We optimize the model using the Mean Squared Error with L2-regularization over the weights and latent factors as loss function.

In [None]:
def create_optimizer(y_hat):
    # Mean Squared Error: 1/n Σ(y - y_hat)^2
    mse = tf.reduce_mean(tf.square(tf.subtract(y, y_hat)))
    
    # L2 regularization over W and V: Σ(λ_w * W^2 + λ_V * V^2)
    l2_norm = tf.reduce_sum(tf.add(tf.multiply(lambda_w, tf.square(w)),
                                   tf.multiply(lambda_V, tf.square(V))))

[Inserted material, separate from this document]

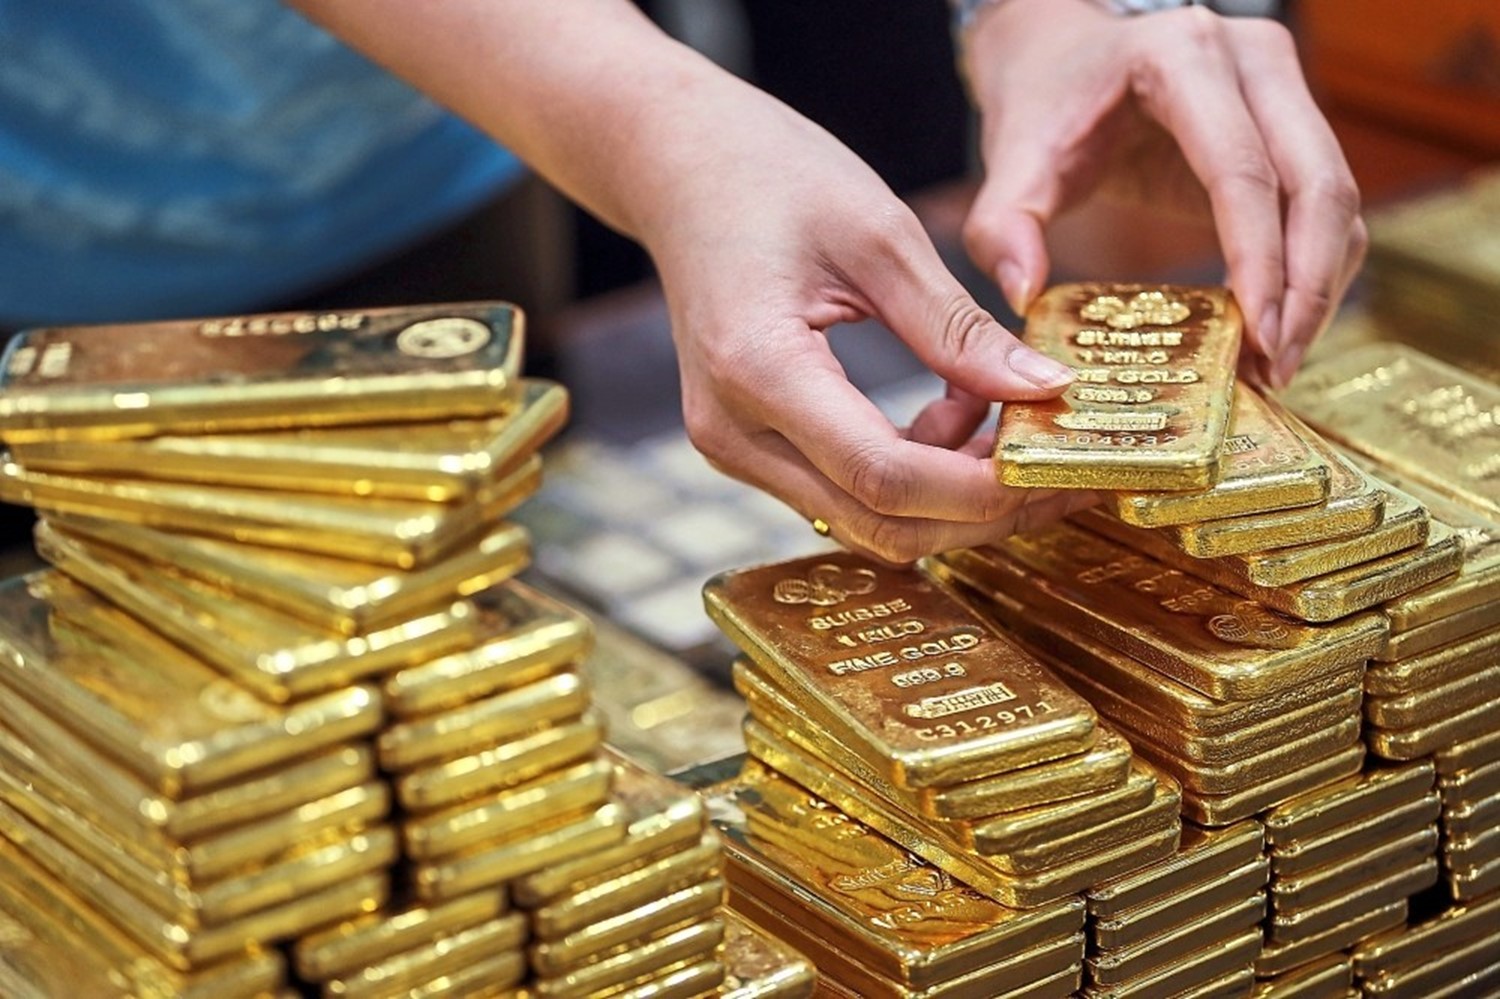 "يونيو الخير 2020" كشف جديد للذهب في مصر باحتياطي يزيد عن مليون أوقية ووزارة البترول تكشف بالتفاصيل 6

    # Total loss used for optimization
    loss = tf.add(mse, l2_norm)
    optimizer = tf.train.AdamOptimizer(learning_rate).minimize(loss)
    return optimizer, mse, loss

In [None]:
def create_metrics(y_hat):
    # Mean Absolute Error |y - y_hat|
    mae = tf.reduce_mean(tf.abs(y - y_hat))
    
    # Root Mean Squared Error √(1/n Σ(y - y_hat)^2)
    rmse = tf.sqrt(tf.reduce_mean(tf.square(tf.subtract(y, y_hat))))
    return mae, rmse

## Train and evaluate the model

In [None]:
sess = tf.InteractiveSession()

In [None]:
def train_and_evaluate():
    # Set up the model, optimizer and metrics
    y_hat = build_model()
    optimizer, mse, loss = create_optimizer(y_hat)
    mae, rmse = create_metrics(y_hat)

    # IMPORTANT: initialize variables before computing anything else
    init = tf.global_variables_initializer()
    sess.run(init)
    
    # Training loop
    for epoch in range(training_epochs):
        # Shuffle the training data
        indices = np.array(train.index)
        np.random.shuffle(indices)

        # Train the model
        x_data, y_data = train.loc[indices], pd.DataFrame({"rating": df_train.rating.loc[indices]})
        sess.run(optimizer, feed_dict={X: x_data, y: y_data})
        if epoch % 10 == 9:
            error, cost, mean_abs, root_mean = sess.run([mse, loss, mae, rmse], feed_dict={X: x_data, y: y_data})
            print("Epoch %i\tLoss (regularized error): %.3f\tMSE: %.3f\tRMSE: %.3f\tMAE: %.3f" 
                  % ((epoch + 1), cost, error, root_mean, mean_abs))

    print('MSE Test:', sess.run(mse, feed_dict={X: test, y: pd.DataFrame({"rating": df_test.rating})}))
    print('RMSE Test:', sess.run(rmse, feed_dict={X: test, y: pd.DataFrame({"rating": df_test.rating})}))
    print('MAE Test:', sess.run(mae, feed_dict={X: test, y: pd.DataFrame({"rating": df_test.rating})}))


In [None]:
train_and_evaluate()

## Get recommendations

Now that we've trained our model, we can use it to recommend movies to users.

For this, we need the nodes in the session graph which take the input and compute the estimates for the user's ratings.

In [None]:
# Get the necessary nodes from the model graph
prediction = sess.graph.get_tensor_by_name("prediction:0")
X = sess.graph.get_tensor_by_name("X:0")

Compute the first *n* recommendations for a user:

In [None]:
def get_n_recommendations(user_id, n):
    input = rh.get_user_data(user_id)
    recommendations = rh.movies[["title", "movieId"]]
    
    # Here, we use the nodes which we extracted before
    recommendations["rating"] = sess.run(prediction, feed_dict={X: input})
    return recommendations[["title", "movieId", "rating"]].sort_values("rating", ascending=False).head(n)

In [None]:
get_n_recommendations(1, 25)

 **Optional tasks**:
* Experiment with the model parameters. Try, e.g., different values for *k* and different learning rates.
* Try training the model with no/less/more regularization. (Hint: vary the values for $\lambda_V$ and $\lambda_w$).
* Try different optimization algorithms (see [TensorFlow Optimizers](https://www.tensorflow.org/api_guides/python/train#Optimizers) for an overview of optimizers).
* Compare the recommendations for different users.